Black Eye was better than the run-of-the-mill Blaxploitation films of the day, and for maybe the first time Hollywood realized what a screen presence Fred Williamson had. As an actor, he wasn’t the black John Gielgud, no, but he was at least the black Roger Moore, polished, handsome, and sharp, much more believable than Richard Roundtree’s Shaft.

The plot was also much more like a classic noir detective story than like other Blaxploitation films, head and shoulders above routine stuff like The Mack, Hell Up in Harlem, or Cleopatra Jones. The movie was photographed with unusual skill for a relatively low budget studio film. I suspect this was being groomed as a crossover, a film that could transcend a Blaxploitation label for at least modest mainstream success. That quest for crossover appeal to whites didn’t catch on quite yet, but it would soon.

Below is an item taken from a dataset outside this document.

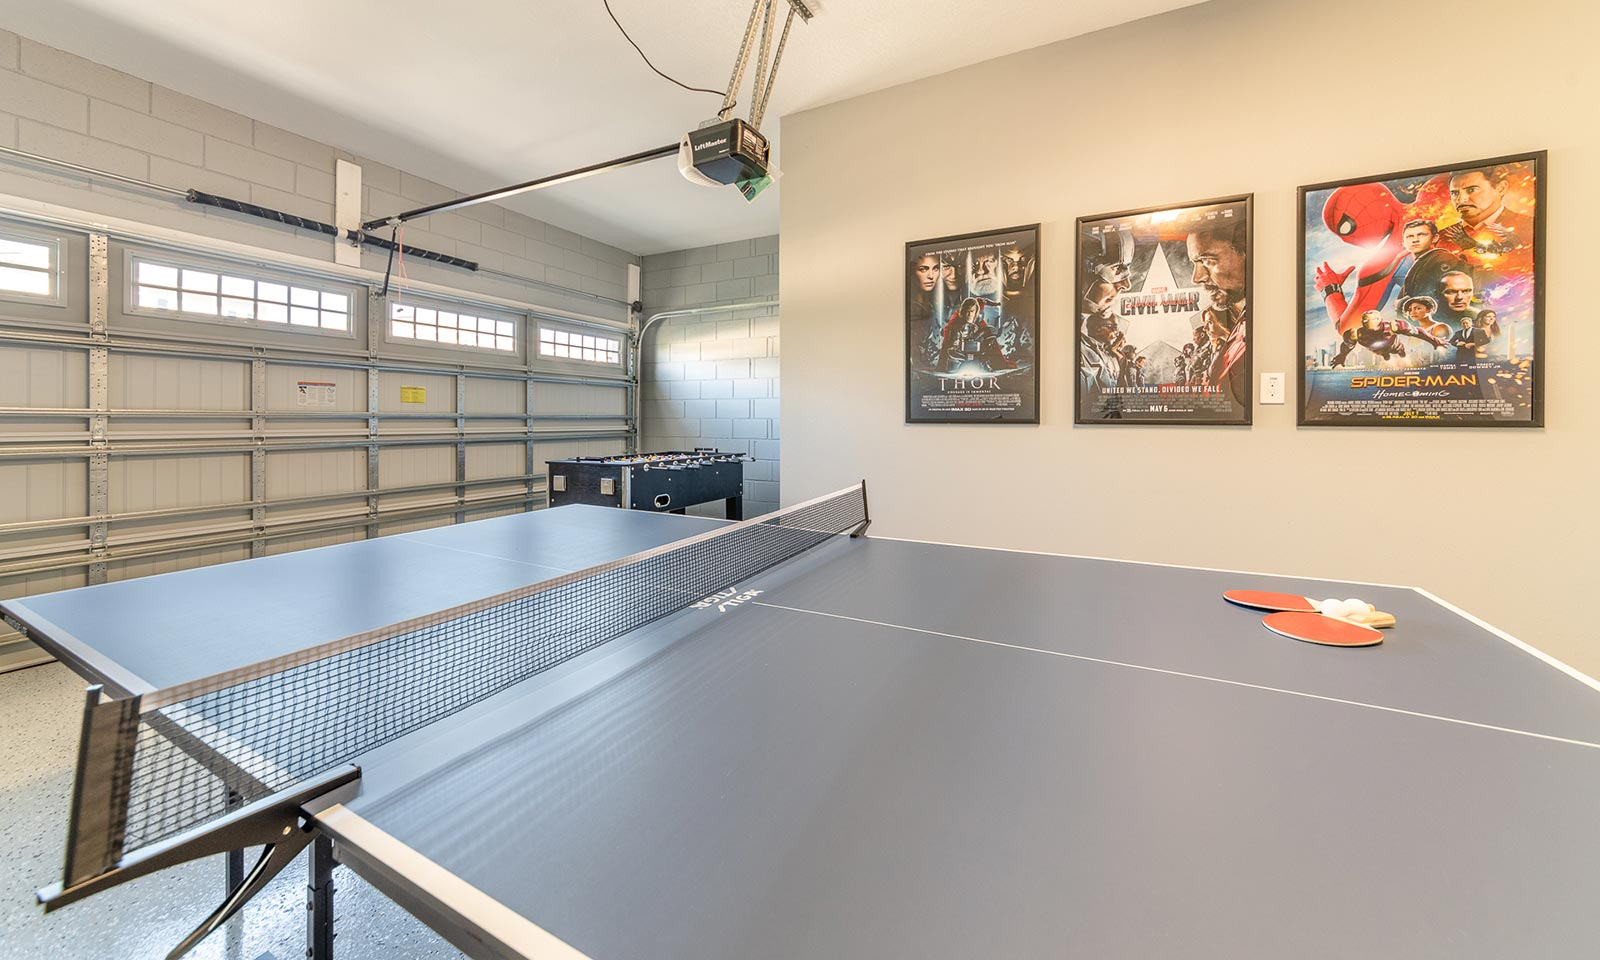 [amenities:ping-pong:3] Ping Pong

Trick Baby was a relatively serious story that tried to ride the blaxploitation wave. Despite the fact that it has the streetwise pedigree of coming from an Iceberg Slim novel, or maybe because of it, Trick Baby doesn’t have much of the crude-but-effective slam-bang action, or the uninhibited earthy humor of its contemporaries, the real blaxploitation films. Superficially it has the authentic look of The Mack or Truck Turner, with its dirty streets, pimpmobiles, and mafia-ridden cops, but it comes across as a woodenly acted, low rent biracial version of The Sting set in Philadelphia. The “old” black guy more or less looks the part, though the actor was only 42 at the time, but his Iceberg Slim dialog is so stilted and literary that he might as well be Baby Stewie in Family Guy.

Michael Schulz isn’t the blackest-sounding name, but he made Cooley High, a cheerful blatant ripoff of American Graffiti, and his next picture was Hollywood backed, a true crossover at last: Car Wash, an engaging workplace comedy whose Black cast did not peddle cocaine or fire guns. By now, the music business and the movie business were agreed: Black movies could sell records, plenty of them. Motown became a respected partner to the studios.

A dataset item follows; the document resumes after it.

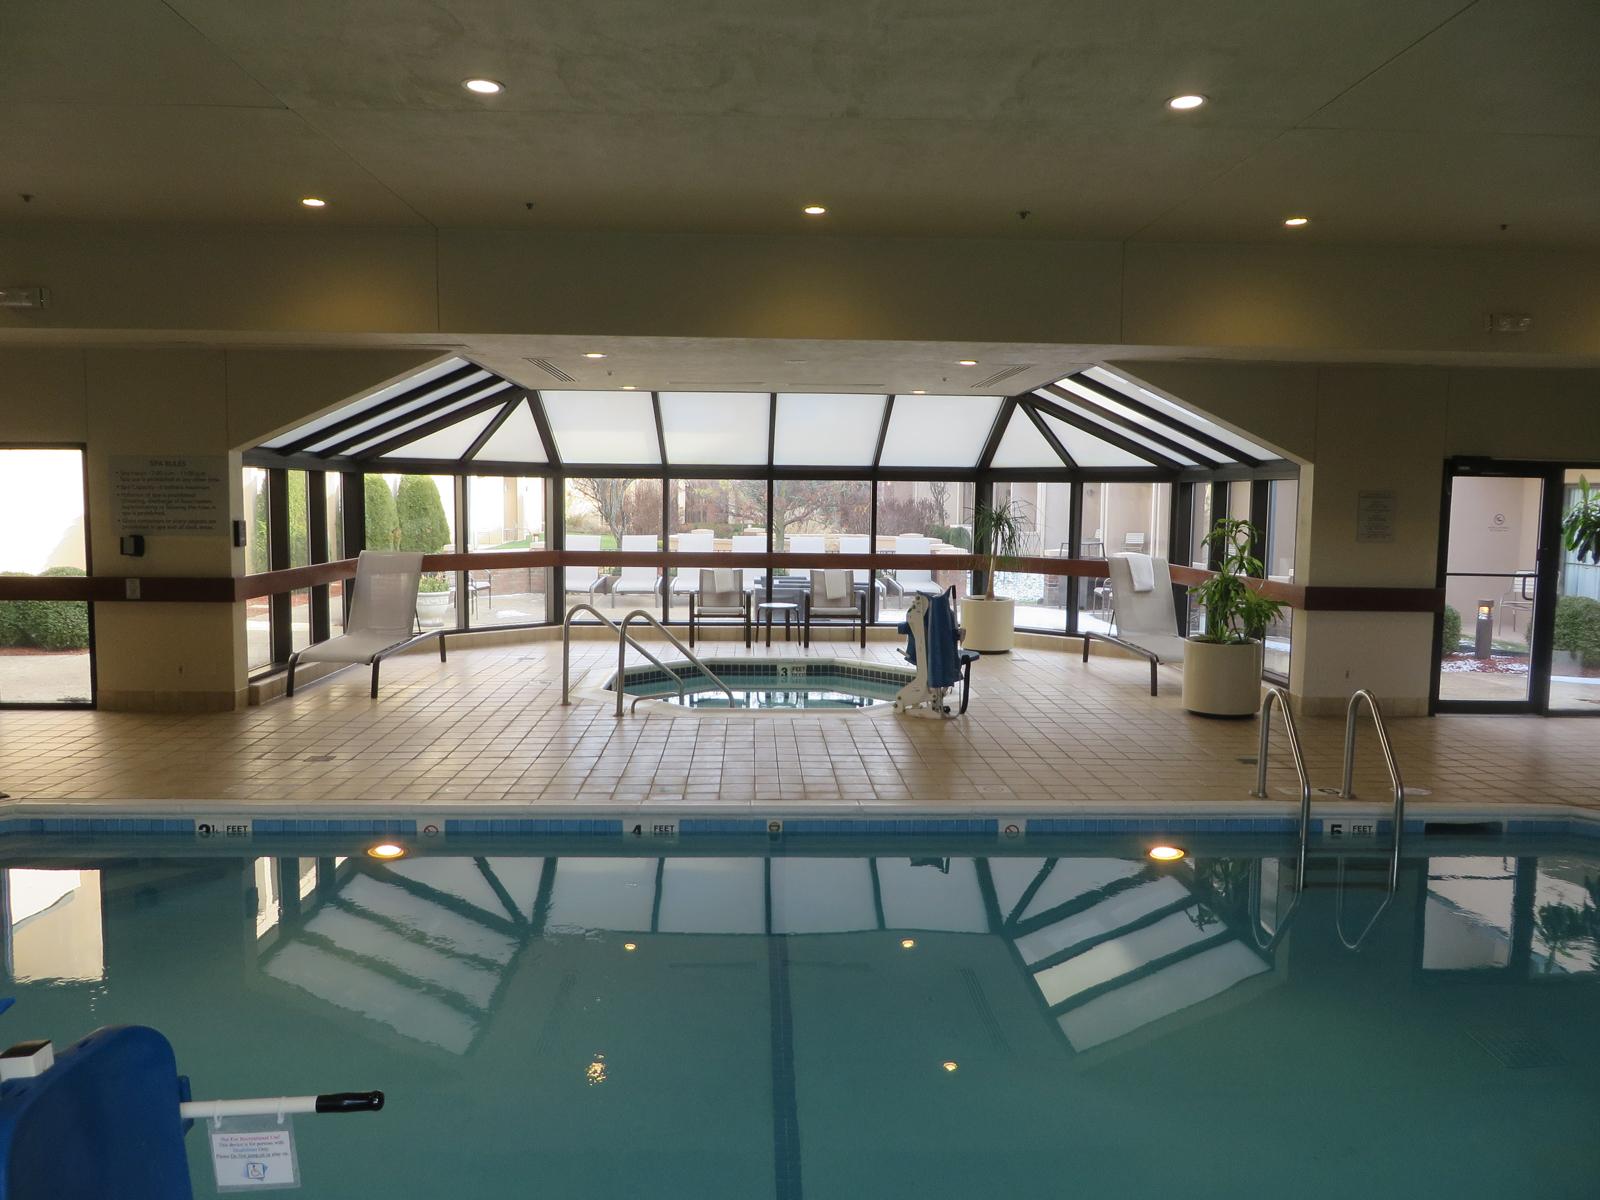 marriott-fitness-center-existing.jpg

The earliest Blaxploitation films were mostly made with white directors and crew members. The only Blacks were in front of the camera. Thank God It’s Friday reversed that formula; Blacks and whites clowned it up on screen, with a great deal of black control behind the scenes. By now, things had changed. In 1977, Esquire magazine ran a feature called “Why Blacks Aren’t Scary Anymore.”

In the decades since, Blacks came to regard the films of the Blaxploitation days with a mixture of affection and embarrassment, not unlike the way my family regards the Irish movie gangsters and East Side Kids of the Depression.

As another symbol of the end of the era, Harlem radio station WBLS, which once angrily billed itself as the “World Black Liberation Station” recast itself in a smoother, more seductive mode to take advantage of lucrative multiracial advertising revenue. Now it was called the “World’s Best-Looking Sound.”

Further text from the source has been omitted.